*** Data shown Section Begins ***
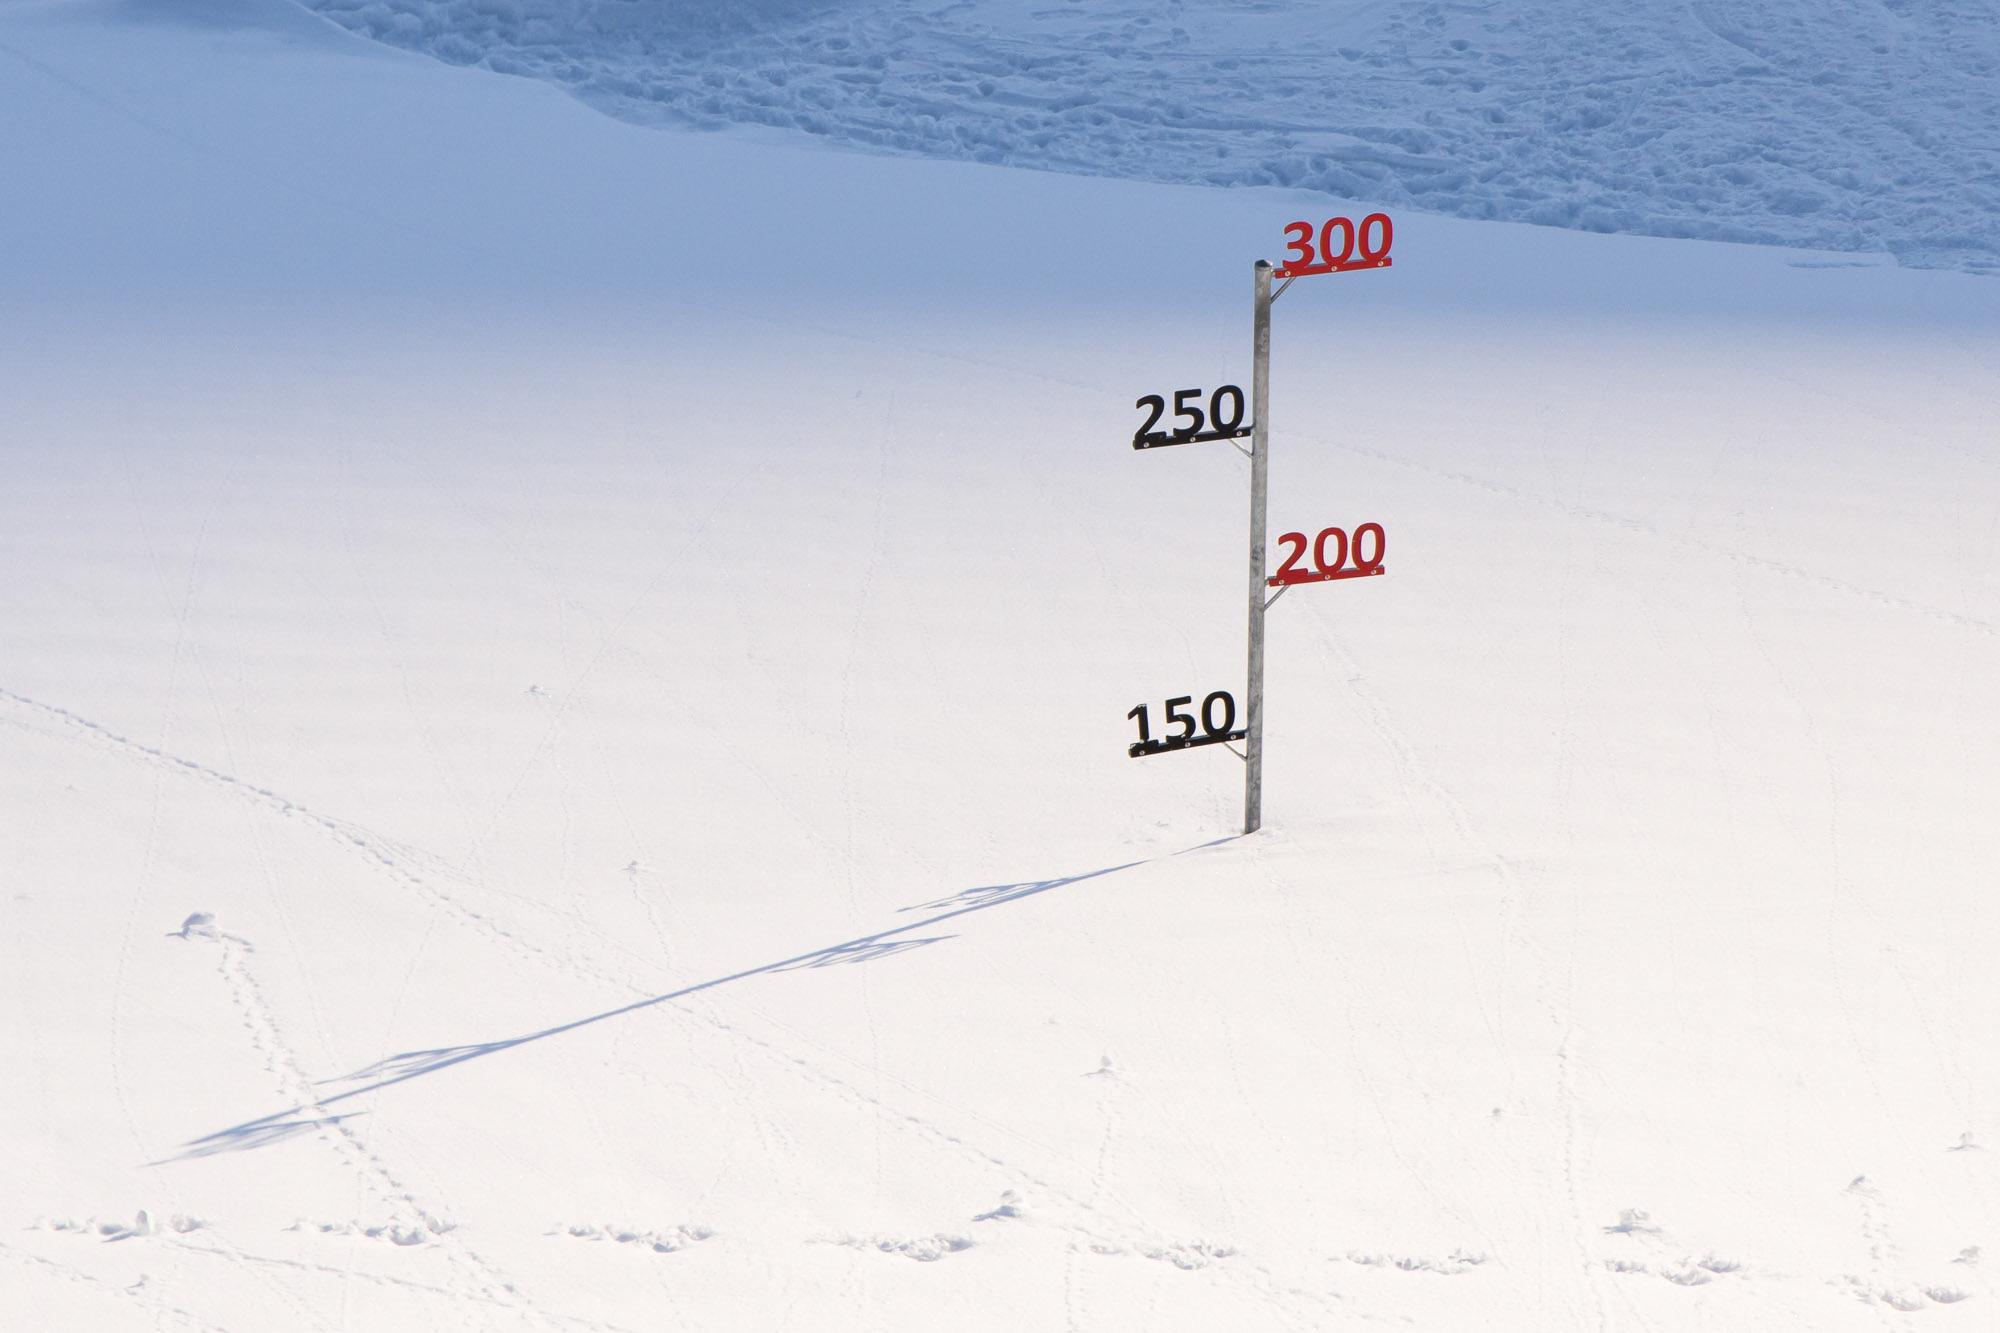 die Sprache der Zahlen in eisernen Lettern im weichen Schnee :)
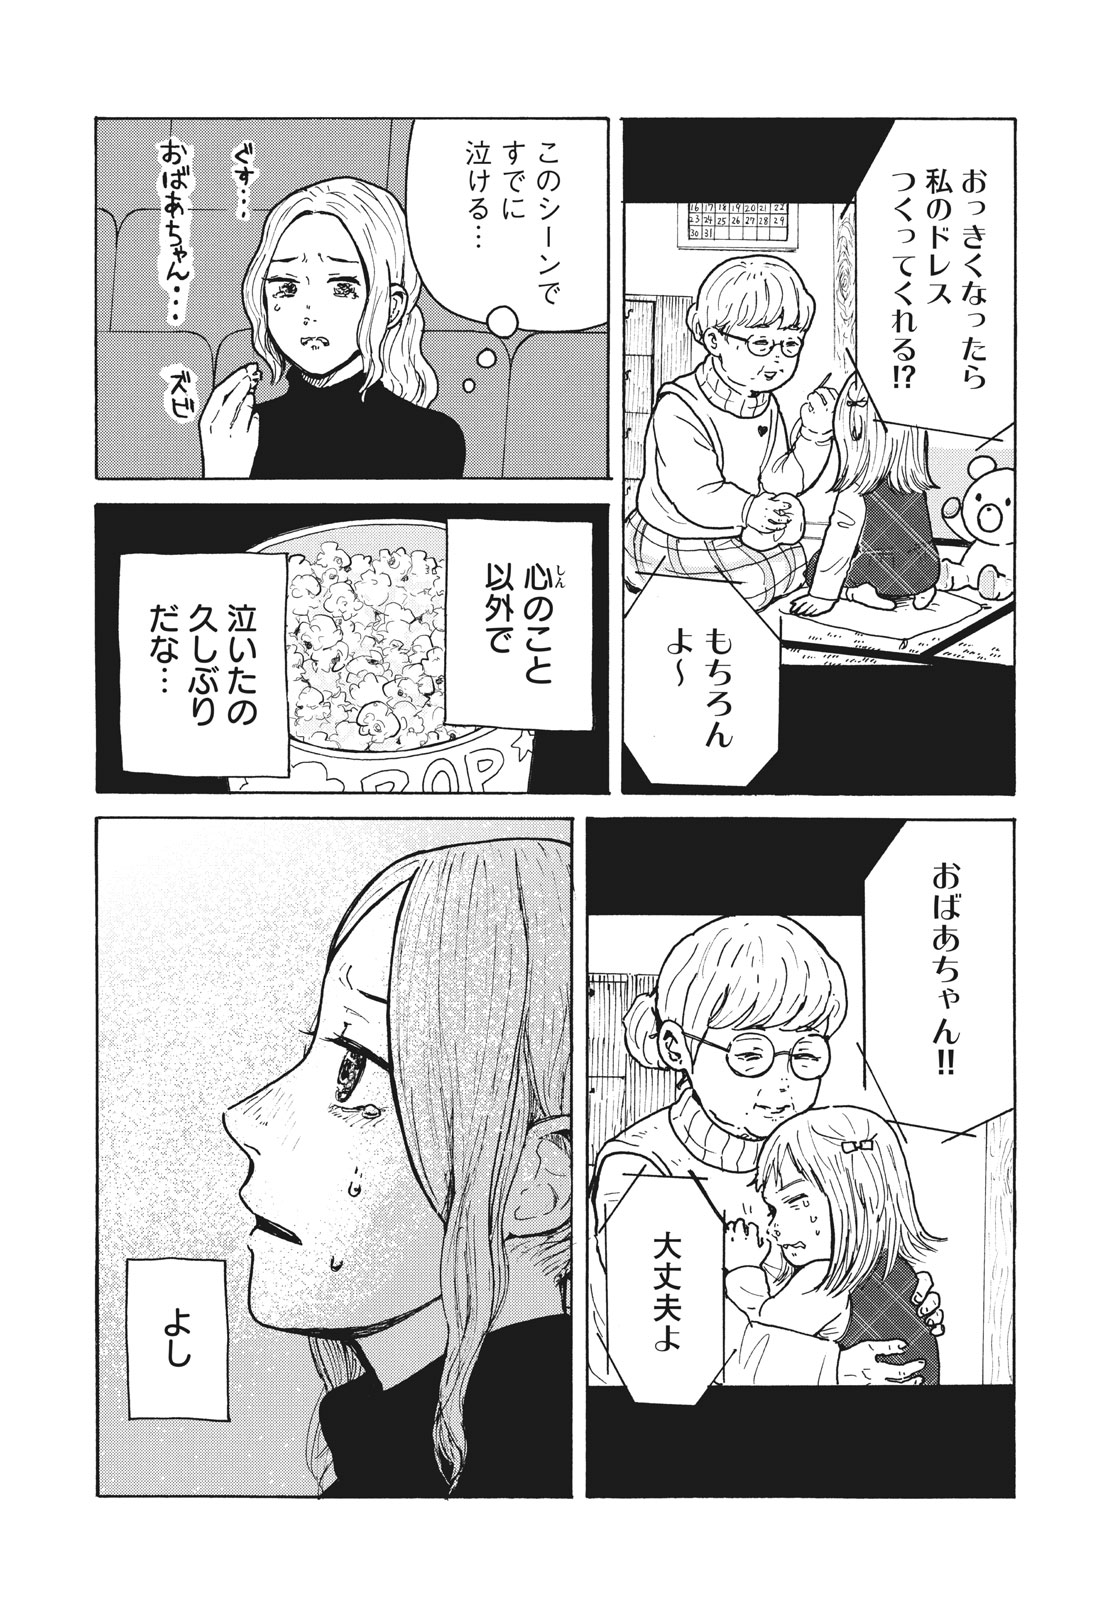 009_30日_2019_006_E.jpg
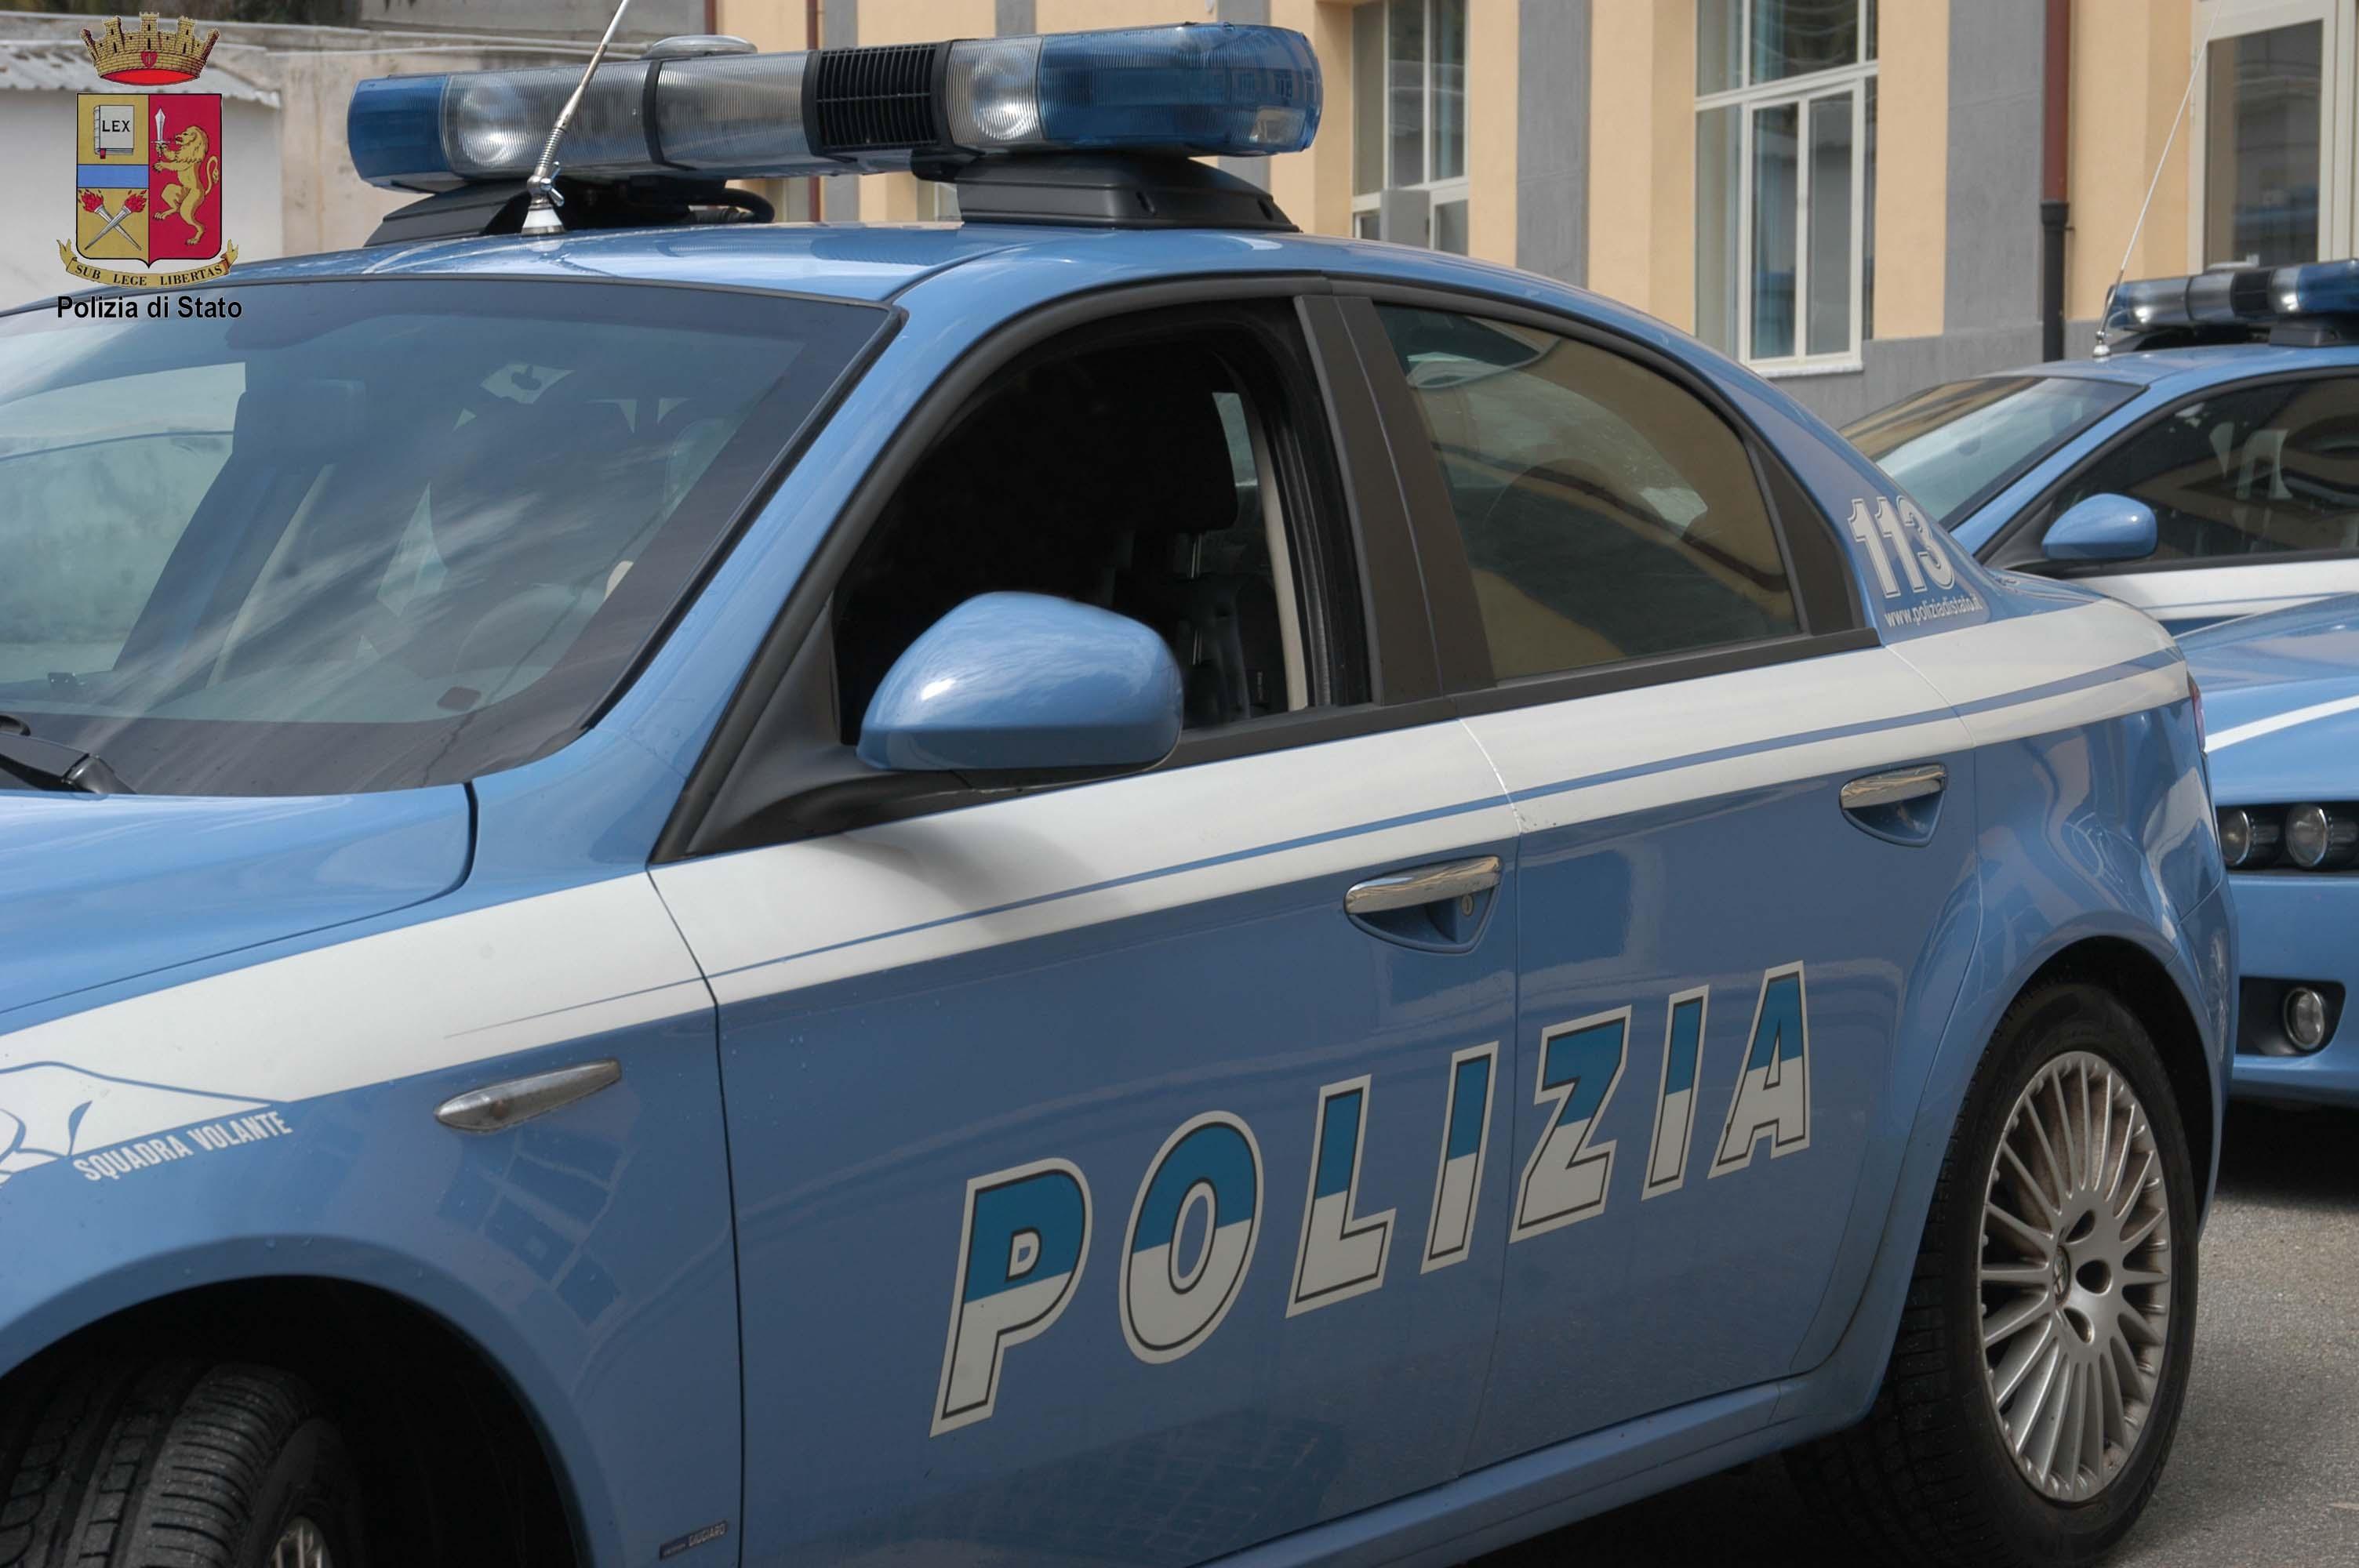 Report consuntivo dell'attività svolta dalla Polizia in Provincia di Trapani dal 30 dicembre 2018 al 5 gennaio
*** Data shown Section Ends ***
Leave the images out and transcribe the remaining data above word for word.

### [Answer]
 die Sprache der Zahlen in eisernen Lettern im weichen Schnee :)
 009_30日_2019_006_E.jpg
 Report consuntivo dell'attività svolta dalla Polizia in Provincia di Trapani dal 30 dicembre 2018 al 5 gennaio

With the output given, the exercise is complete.